Оставалось еще четыре с половиной минуты до того, как погаснет свет. Он испытывал страх перед наступлением этого момента. Он сидел на опущенной койке, одетый в ночной костюм, вокруг него стояли стол, стул, кружка с водой, эмалированная миска для еды, белая кадка для удовлетворения естественных потребностей. Сейчас, когда он сидел, опустив руки на колени, со слегка отвисшей нижней челюстью, в нем уже не было ничего угрожающего.
Эту девушку, Анну Элизабет Гайдер, он уже больше не видел после того, как она таким отвратительным способом убила себя. Он в то время уехал в Испанию, чтобы закончить свою книгу об испанской живописи, и, собственно, был рад, что ему не пришлось встречаться с нею в последнее, трудное для нее время. Было странно, что человек может покончить с собой, ему это было непонятно, и он не пожелал вникать в это дело.
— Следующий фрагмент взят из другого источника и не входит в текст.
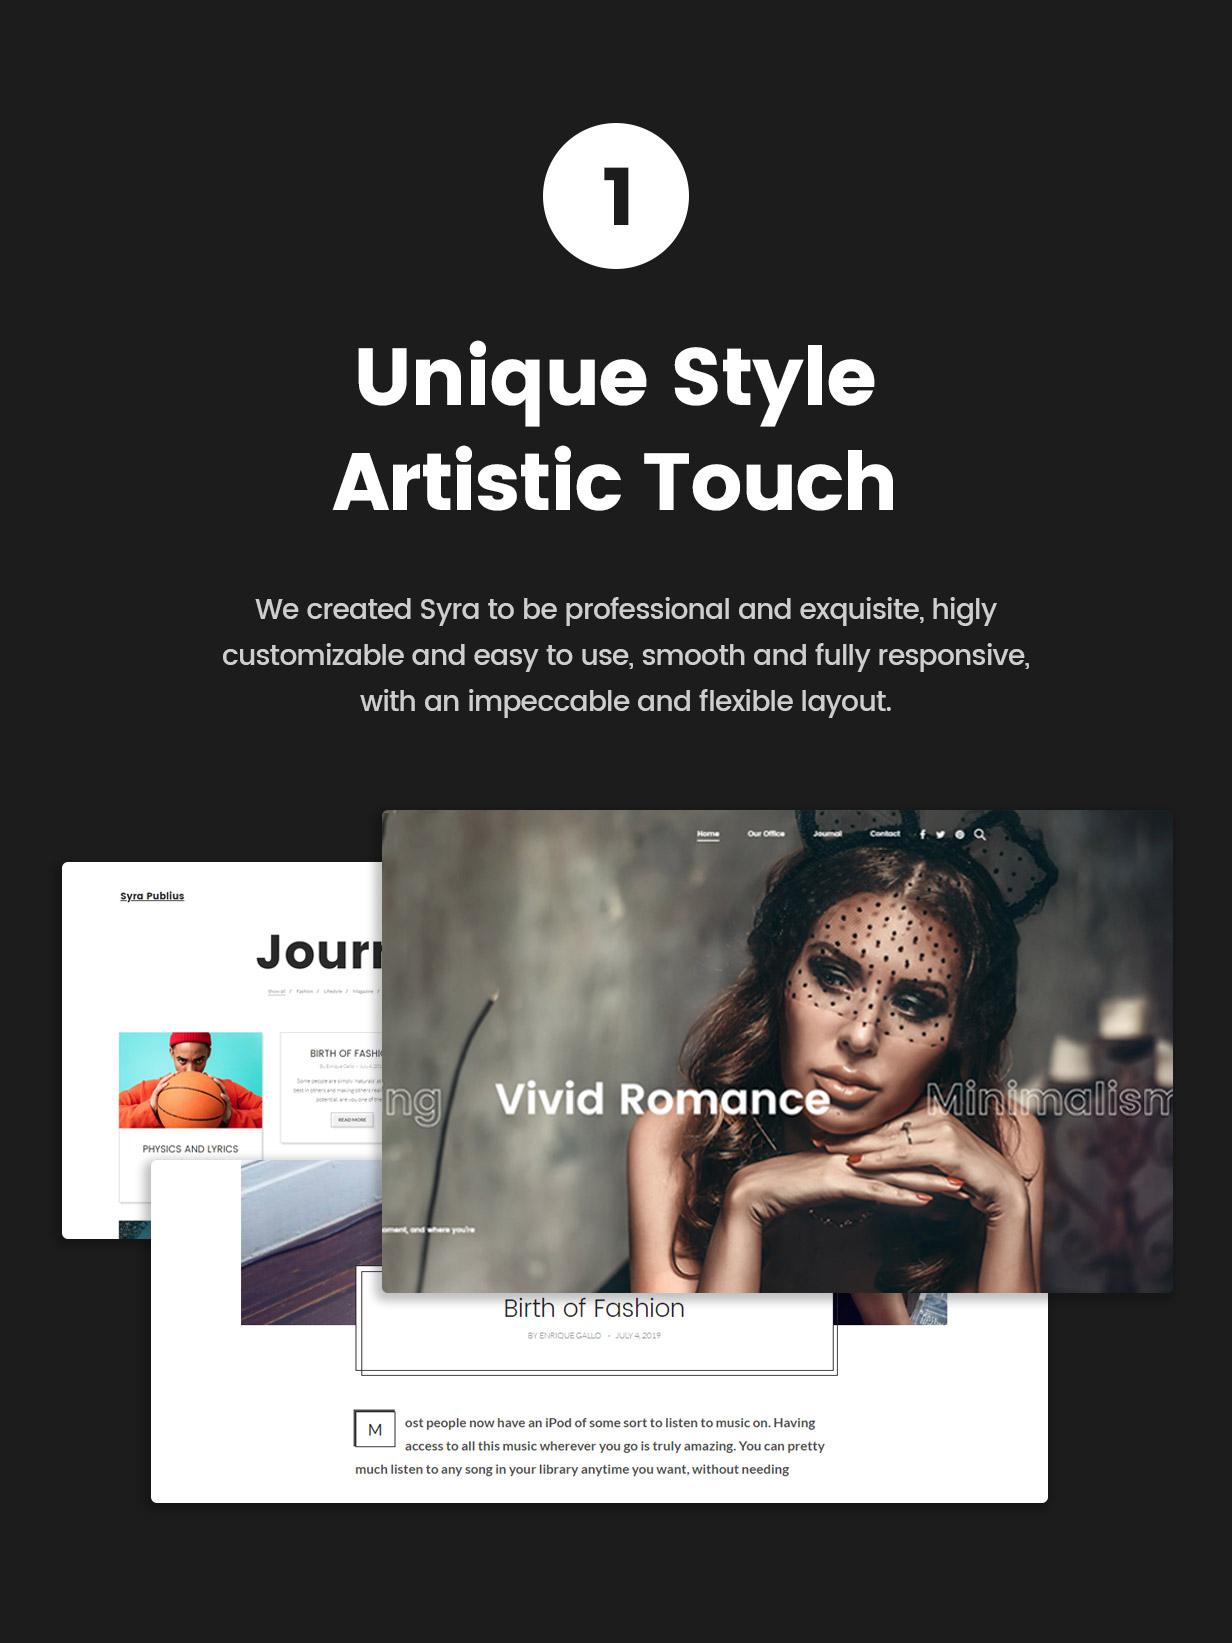 Syra - Un thème WordPress portefeuille minimal vitrine - 1

Сейчас, четвертого июня, за три минуты до того, как погаснет свет, сейчас уже нельзя было отмахнуться от мыслей об этом деле. Образ покойной Анны Элизабет Гайдер не уходил из камеры сто тридцать четыре, хотя свет еще горел и хотя Крюгер отлично знал, что мысли нужны ему для более важного: для обдумывания способов защиты от предъявленного ему безмерно нелепого судебного обвинения.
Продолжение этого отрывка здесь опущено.